Sometimes changes such as doubling the final consonant are made when an -ing or -ed is added. Since Disinflectant only sees this as a suffix being added, it thinks that specific consonant can also be added to words that end in other consonants.

- Why isn’t
**braking**(br1EYkIHN) with lemma brake the inflection of**bra**(br1AA) with lemma bra? (by analogy with**picnicking → picnic**) - Why isn’t
**garbs**(g1AArbz) with lemma garbs the inflection of**garbling**(g1AArblIHN) with lemma garble? (by analogy with**corrals → corralling**) - Why isn’t
**badgering**(b1AEJIXrIHN) with lemma badger the inflection of**badge**(b1AEJ) with lemma badge? (by analogy with**transferring → transfer**) - Why isn’t
**bobsled**(b1AAbslEHd) with lemma**bobsled**the inflection of**bobs**(b1AAbz) with lemma bob? (by analogy with**patrolled → patrol**)

#### Disinflection I might have come up with myself:

- Why isn’t
**hay**(h1EY) with lemma hay the inflection of**highs**(h1AYz) with lemma high? (by analogy with**lay → lies**) - Why isn’t
**bowled**(b1OWld) with lemma bowl the inflection of**belling**(b1EHlIHN) with lemma bell? (by analogy with**sold → selling**) - Why isn’t
**bodies**(b1AAdIYz) with lemma body the inflection of**bodice**(b1AAdIXs) with lemma bodice? (by analogy with**emphases → emphasis**) - Why isn’t
**lease**(l1IYs) with lemma lease the inflection of**loosed**(l1UWst) with lemma loose? (by analogy with**geese → goosed**) - Why isn’t
**wield**(w1IYld) with lemma wield the inflection of**welt**(w1EHlt) with lemma welt? (by analogy with**kneeled → knelt**) - Why isn’t
**gauze**(g1AOz) with lemma gauze the inflection of**goo**(g1UW) with lemma goo? (by analogy with**draws → drew**) - Why isn’t
**cheese**(C1IYz) with lemma cheese the inflection of**chosen**(C1OWzIXn) with lemma choose? (by analogy with**freeze → frozen**)

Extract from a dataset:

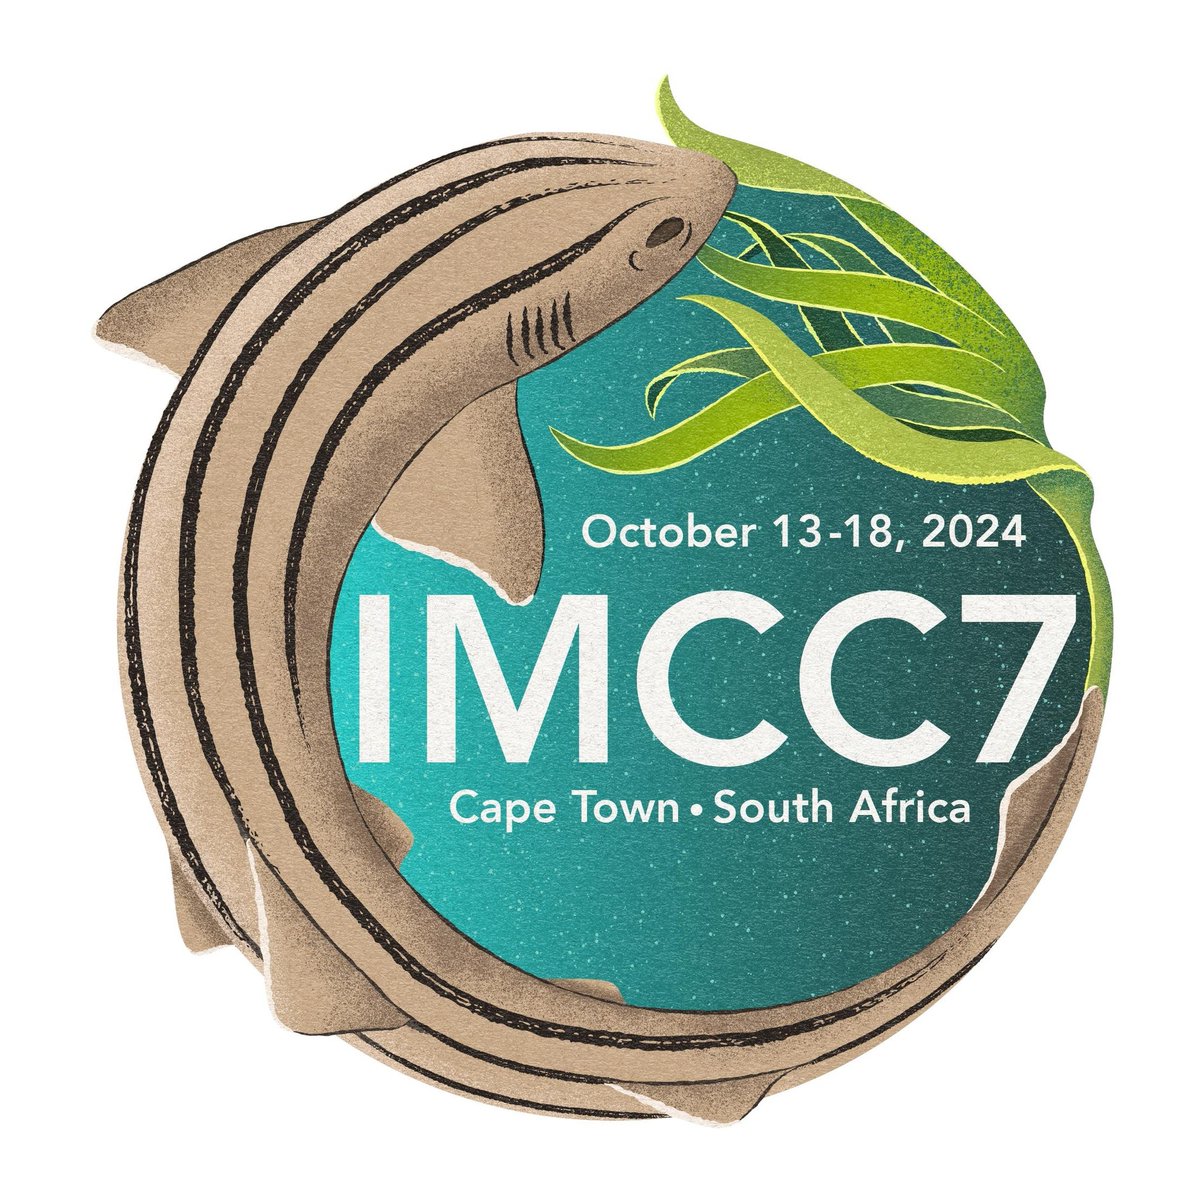 The upcoming IMCC: International Marine Conservation Congress is now accepting nominations for plenary speakers! Submit nominations (self nominations ok) by February 9th forms.gle/h9nxsGtchyssPf…

#### Transforms based on abbreviations:

- Why isn’t
**chuckle**(C1UXkIXl) with lemma chuckle the inflection of**chuck’s**(C1UXks) with lemma chuck? (by analogy with**mile → mi’s**) - Why isn’t
**cooperative’s**(kOW1AApIXrrIXtIHvz) with lemma cooperative the inflection of**cooper**(k1UWpIXr) with lemma cooper? (by analogy with**negative’s → neg**) - Why isn’t
**someday**(s1UXmdEY) with lemma someday the inflection of**some**(s1UXm) with lemma some? (by analogy with**Friday → Fri**)

#### Other really weird stuff I’d never think of:

- Why isn’t
**comedy**(k1AAmIXdIY) with lemma comedy the inflection of**comedown**(k1UXmdAWn) with lemma comedown? (by analogy with**fly → flown**) - Why isn’t
**aisle**(1AYl) with lemma aisle the inflection of**meal**(m1IYl) with lemma meal? (by analogy with I → me) - Why isn’t
**hand**(h1AEnd) with lemma hand the inflection of**hens**(h1EHnz) with lemma hen? (by analogy with**manned → men’s**) - Why isn’t
**out**(1AWt) with lemma same the inflection of**wheat**(w1IYt) with lemma same? (by analogy with**our → we’re**)

If people are interested, once I’ve fixed it up a bit I could either release the app, or import a bigger word list and some corpora, and then publish the whole output as a CSV file. Meanwhile, I’ll probably just tweet or blog about the disinflections I find interesting.